Touring the ghost towns of the west certainly is the means for opening the door to the past. A lot can be learned during the experience, especially for children that are fascinated by rustic old structures. Modern folks that have gold fever will relish the thought of visiting ghost towns too, since most of these abandoned towns had their origins in boom to bust mining operations. Some of the most famous gold rush ghost towns are located in California and Nevada, while the old territories in the Rocky Mountain Range also have several that are well worth checking out too. In fact, some of the best preserved old west ghost towns are found along the Yankee Fork of the Salmon River in the mountains of Idaho, which once was a gold producing region back in the early days.
Powder gold was discovered in the Yankee Fork in the mid 1800s and it did not take long for prospectors to arrive in numbers. Stakes were claimed and soon after the riverbank placer and mountain lode mining operations started taking shape. Small towns sprouted up for support near each mining area and by 1877 Custer City was established. According to historical records, Custer City was known for being a place where gold speculators generated funding from investors abroad. Custer City was supported by two major mining operations in the local area, but the economic stability did not last long. The mining operations only lasted a couple of decades before the price of gold declined and the labor intensive extraction process was no longer worthwhile. By 1910 Custer City was completely abandoned and what remained has been preserved.
The brief Yankee Fork Dredge operations that began in the 1940s arrived too late to save the day. By this time, Custer City was long gone and so were several of the other abandoned neighboring mining towns. Between hydraulic mining and the big steel dredge, the Yankee Fork River suffered massive destruction and the major restoration projects continue to this day.
Custer City was originally preserved as a Challis National Forest Historic Site, so the most prominent buildings still stand in fairly good condition in a cleared area near the river. This ghost town is open to the public and no fees are required, so this is a family friendly place to explore. Basic facilities are available and the old schoolhouse museum is open during the short summer season.
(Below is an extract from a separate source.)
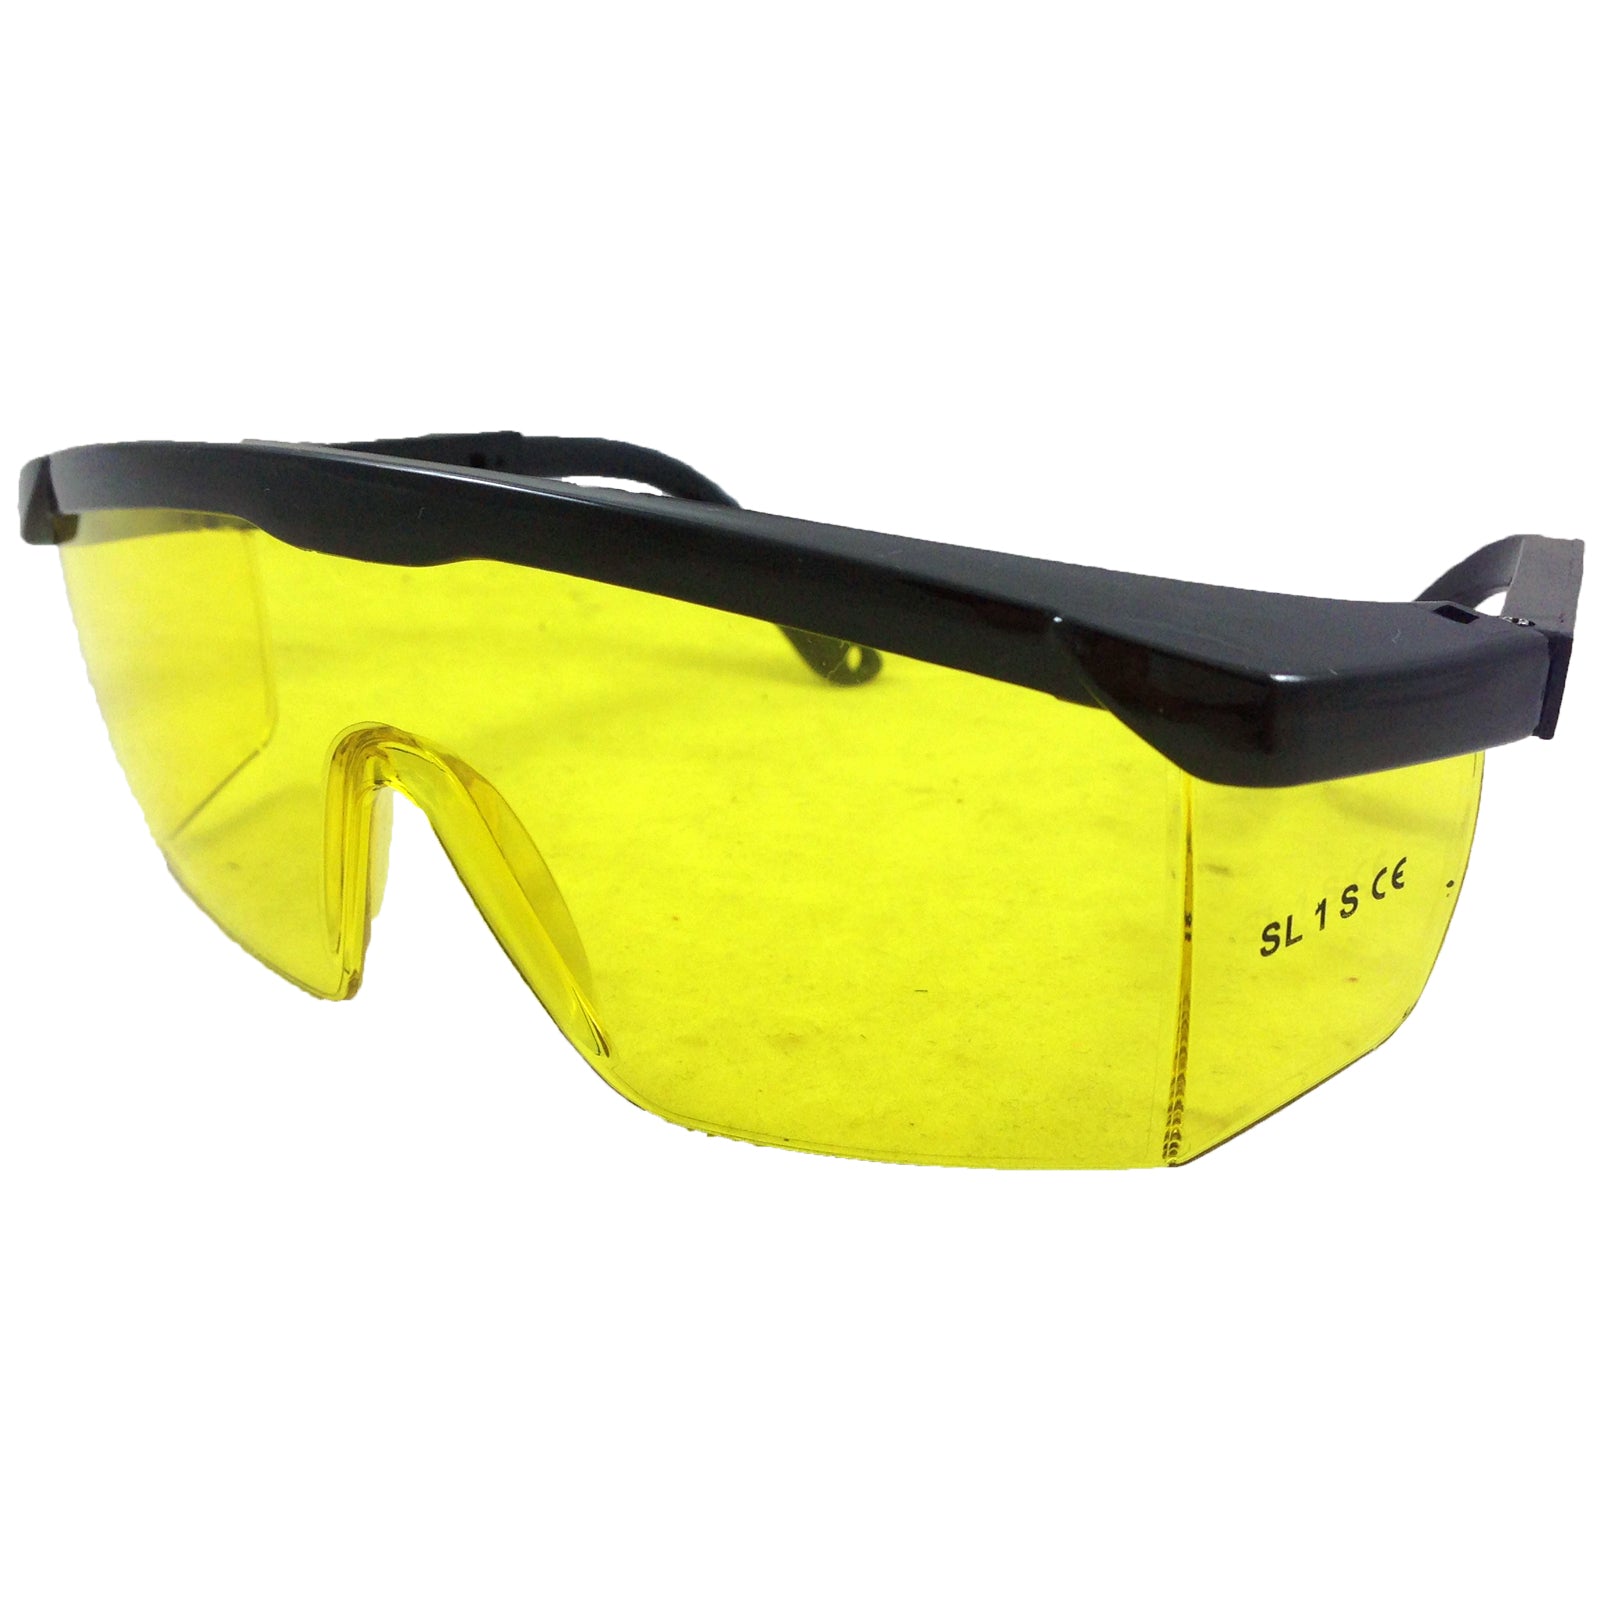 Amtech Safety Glasses Yellow Lens PPE Eye Protection

In recent years, the Yankee Fork State Park was established to protect the historical significance of this entire mining district, which includes the Yankee Fork Dredge, Custer City, Bayhorse and the Bonanza Ghost Towns. Doing the complete tour of all these historic sites can be done in one day, but some of the dirt roads can be too rough for an ordinary passenger car. There are alternative smooth travel routes in this area, so it pays to do some mapping research when making plans. Custer City is a great place to start the venture and the little museum will provide an interesting window to the past!